Prompt>
Look through the material below. Copy each line that contains the string "kitchen".

Data records>
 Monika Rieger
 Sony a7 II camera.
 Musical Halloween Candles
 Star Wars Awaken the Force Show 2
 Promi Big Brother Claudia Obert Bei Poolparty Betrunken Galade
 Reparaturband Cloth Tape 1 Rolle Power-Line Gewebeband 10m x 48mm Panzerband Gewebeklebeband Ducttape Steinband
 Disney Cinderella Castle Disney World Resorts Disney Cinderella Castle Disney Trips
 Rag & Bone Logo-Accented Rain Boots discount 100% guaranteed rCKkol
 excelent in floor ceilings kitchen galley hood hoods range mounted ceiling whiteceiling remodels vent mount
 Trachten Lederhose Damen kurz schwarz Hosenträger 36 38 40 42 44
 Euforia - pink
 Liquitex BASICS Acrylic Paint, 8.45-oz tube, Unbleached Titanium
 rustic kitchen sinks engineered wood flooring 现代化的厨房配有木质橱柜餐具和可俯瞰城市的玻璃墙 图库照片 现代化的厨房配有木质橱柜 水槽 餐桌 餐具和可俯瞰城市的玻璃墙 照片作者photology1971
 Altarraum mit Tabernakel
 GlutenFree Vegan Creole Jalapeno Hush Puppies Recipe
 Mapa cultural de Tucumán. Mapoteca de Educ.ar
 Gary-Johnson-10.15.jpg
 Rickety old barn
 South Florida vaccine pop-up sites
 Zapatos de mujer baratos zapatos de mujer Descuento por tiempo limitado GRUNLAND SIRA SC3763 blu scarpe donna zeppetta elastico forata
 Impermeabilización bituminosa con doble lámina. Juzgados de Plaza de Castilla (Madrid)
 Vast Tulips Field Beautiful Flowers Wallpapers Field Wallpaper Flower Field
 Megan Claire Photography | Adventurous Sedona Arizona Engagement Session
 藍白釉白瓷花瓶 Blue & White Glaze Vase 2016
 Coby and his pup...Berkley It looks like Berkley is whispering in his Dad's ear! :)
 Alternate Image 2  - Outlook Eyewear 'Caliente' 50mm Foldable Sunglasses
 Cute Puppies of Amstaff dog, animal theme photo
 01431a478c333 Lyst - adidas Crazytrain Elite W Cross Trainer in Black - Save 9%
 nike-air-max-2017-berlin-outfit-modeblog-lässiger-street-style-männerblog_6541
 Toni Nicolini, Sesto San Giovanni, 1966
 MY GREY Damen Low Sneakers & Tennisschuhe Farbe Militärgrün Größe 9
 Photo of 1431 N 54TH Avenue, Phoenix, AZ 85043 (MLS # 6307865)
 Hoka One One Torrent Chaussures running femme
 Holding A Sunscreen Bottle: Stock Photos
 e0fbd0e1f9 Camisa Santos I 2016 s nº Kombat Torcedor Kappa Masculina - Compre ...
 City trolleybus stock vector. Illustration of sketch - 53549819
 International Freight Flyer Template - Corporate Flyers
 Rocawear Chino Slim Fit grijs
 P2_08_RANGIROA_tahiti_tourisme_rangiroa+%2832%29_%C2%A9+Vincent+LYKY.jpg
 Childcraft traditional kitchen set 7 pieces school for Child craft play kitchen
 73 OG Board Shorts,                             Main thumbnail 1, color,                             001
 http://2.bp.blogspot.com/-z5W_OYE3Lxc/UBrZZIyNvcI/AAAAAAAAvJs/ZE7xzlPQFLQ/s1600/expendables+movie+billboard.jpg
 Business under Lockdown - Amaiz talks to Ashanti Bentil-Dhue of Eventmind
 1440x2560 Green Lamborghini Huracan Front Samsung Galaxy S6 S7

Written solution>
 excelent in floor ceilings kitchen galley hood hoods range mounted ceiling whiteceiling remodels vent mount
 rustic kitchen sinks engineered wood flooring 现代化的厨房配有木质橱柜餐具和可俯瞰城市的玻璃墙 图库照片 现代化的厨房配有木质橱柜 水槽 餐桌 餐具和可俯瞰城市的玻璃墙 照片作者photology1971
 Childcraft traditional kitchen set 7 pieces school for Child craft play kitchen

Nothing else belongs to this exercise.